Publication details for Dr Adetayo Kasim

Otava, M., Shkedy, Z., Lin, D., Göhlmann, H., Bijnens, L., Talloen, W. & Kasim, A. (2014). Dose–Response Modeling Under Simple Order Restrictions Using Bayesian Variable Selection Methods. Statistics in Biopharmaceutical Research 6(3): 252-262.

Author(s) from Durham

Abstract

Bayesian modeling of dose–response data offers the possibility to establish the relationship between a clinical or a genomic response and increasing doses of a therapeutic compound and to determine the nature of the relationship wherever it exists. In this article, we focus on an order-restricted one-way ANOVA model which can be used to test the null hypothesis of no dose effect against an ordered alternative. Within the framework of the dose–response modeling, a model uncertainty can be addressed using model averaging techniques.
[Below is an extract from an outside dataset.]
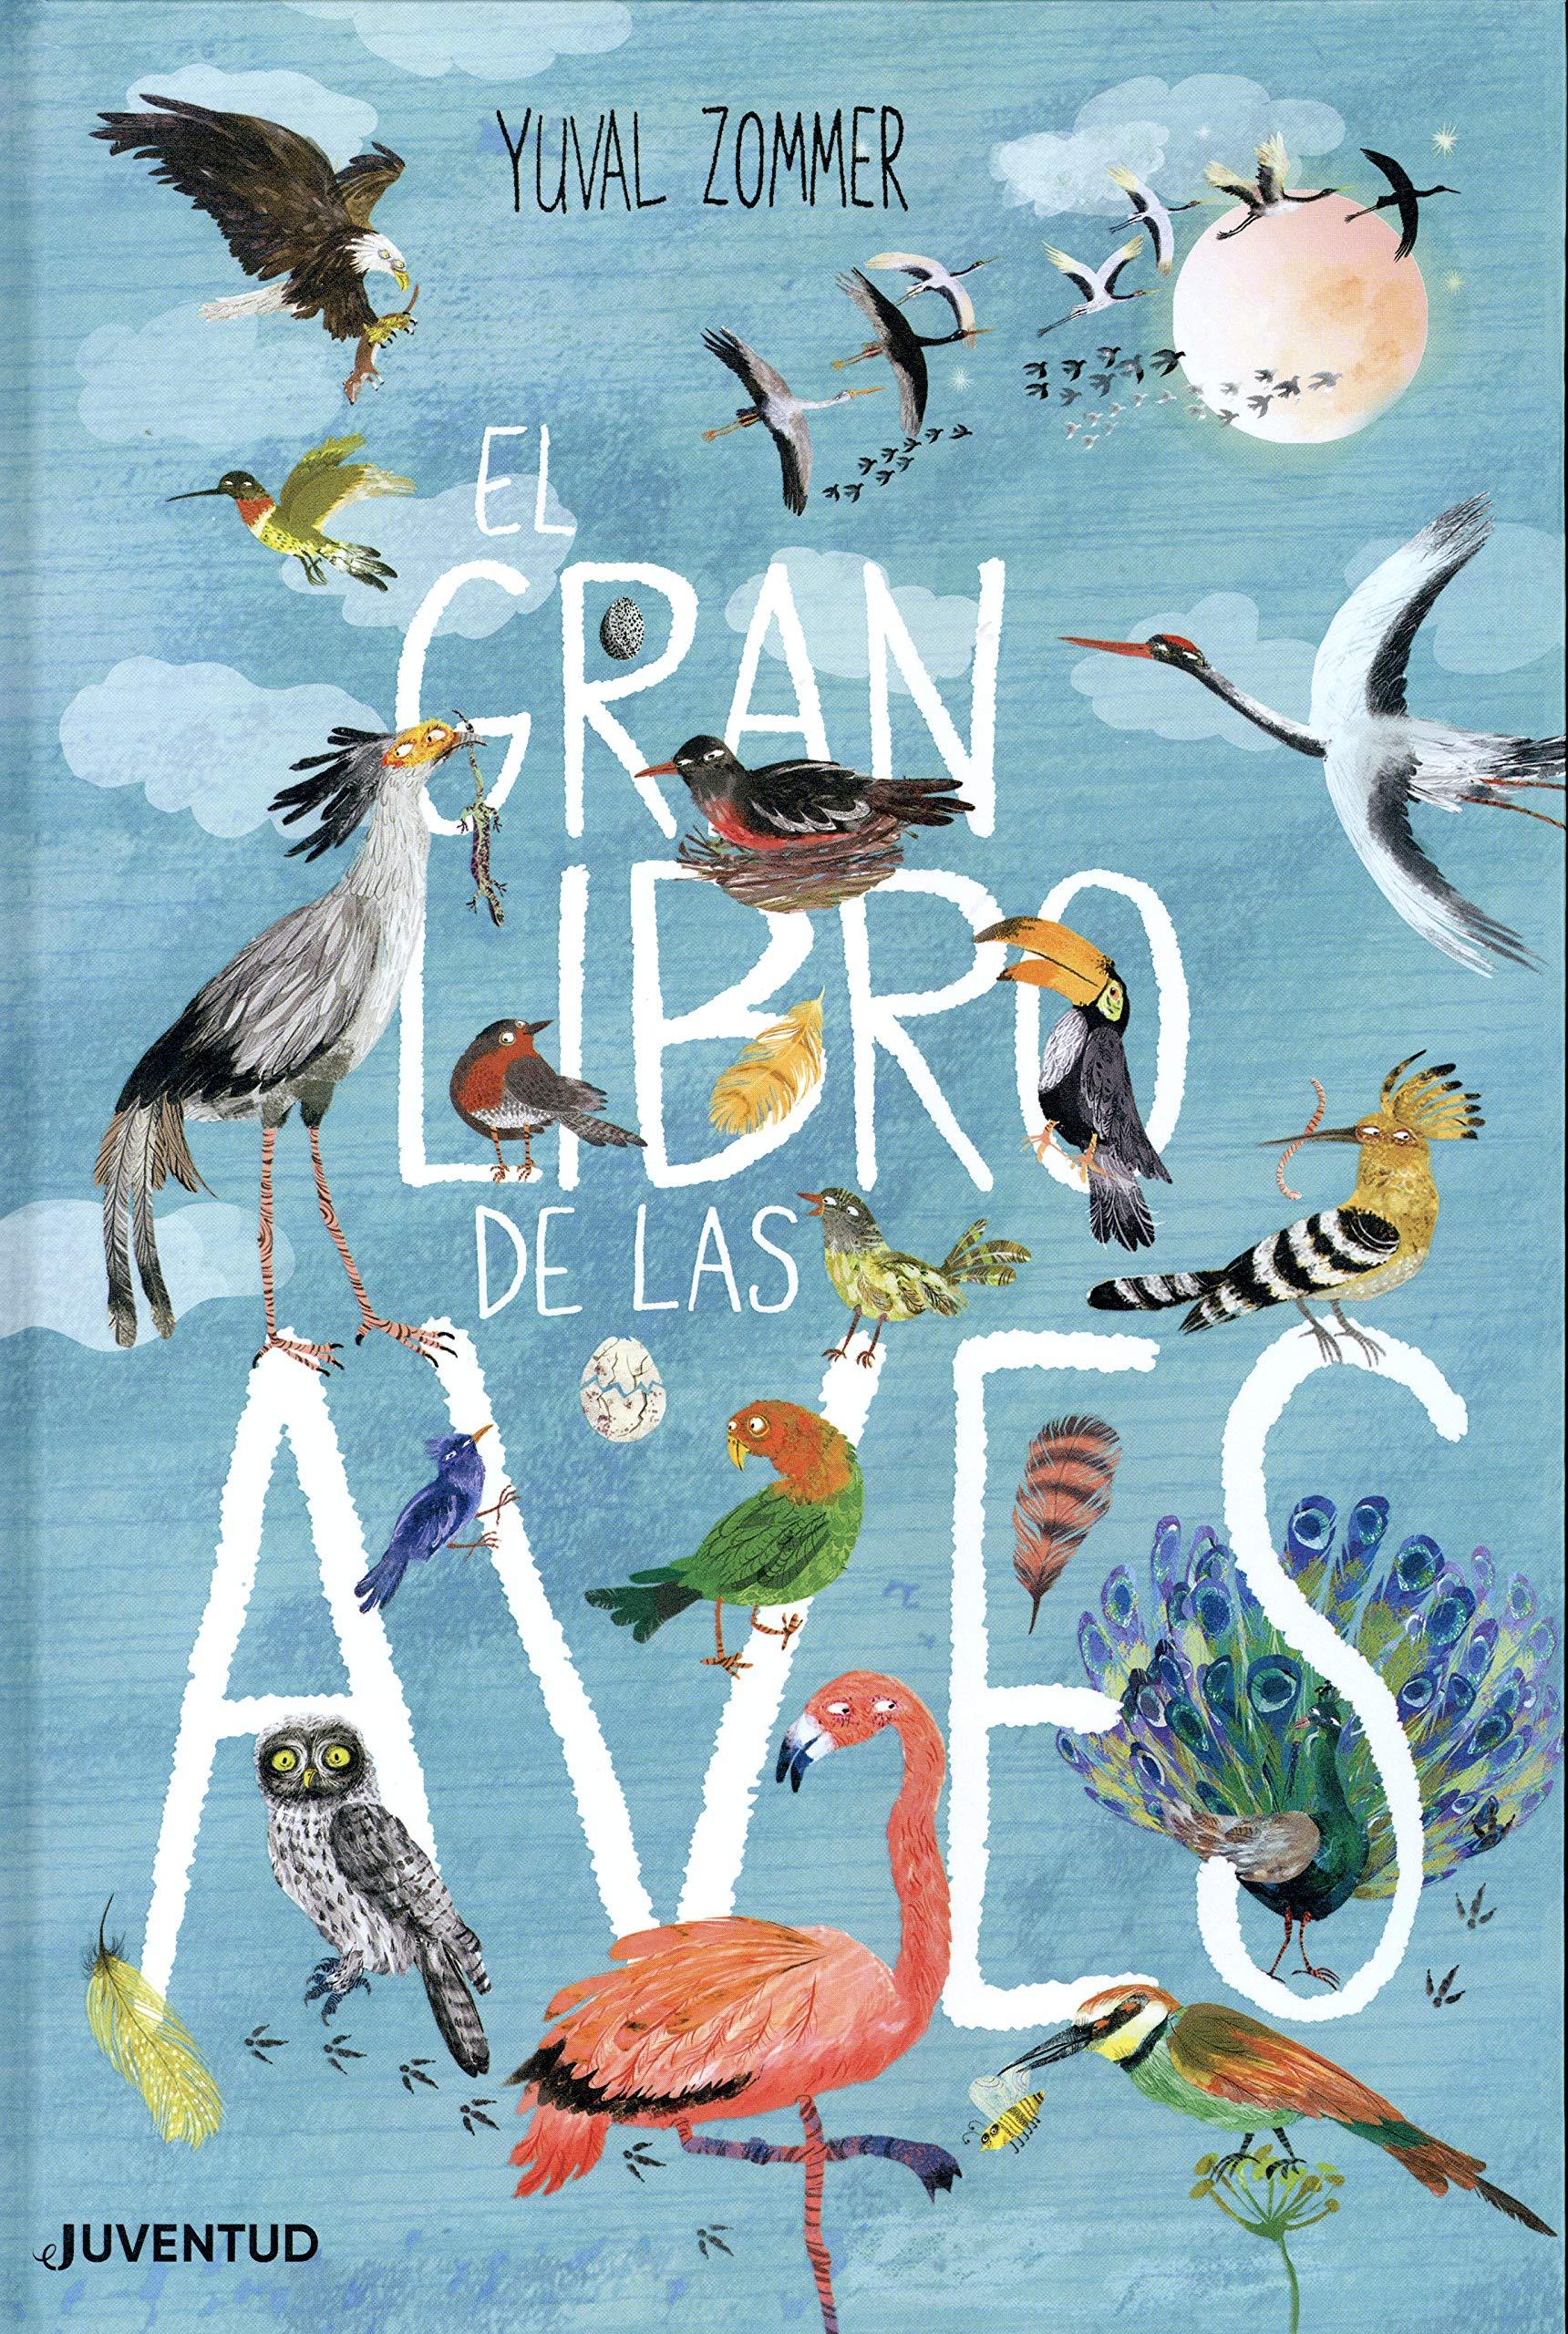 El gran libro de las aves (ALBUMES ILUSTRADOS): Amazon.es: Zommer, Yuval, Zommer, Yuval, Tornero Brugués, Susana: Libros

In this setting, the uncertainty is related to the number of all possible models that can be fitted to the data and should be taken into account for both inference and estimation. In this article, we propose an order-restricted Bayesian variable selection model that addresses the model uncertainty and can be used for both inference and estimation. The proposed method is applied to two case studies and is compared to the likelihood ratio test and the multiple contrast tests in both the analyses of the case studies and a simulation study. This article has online supplementary material.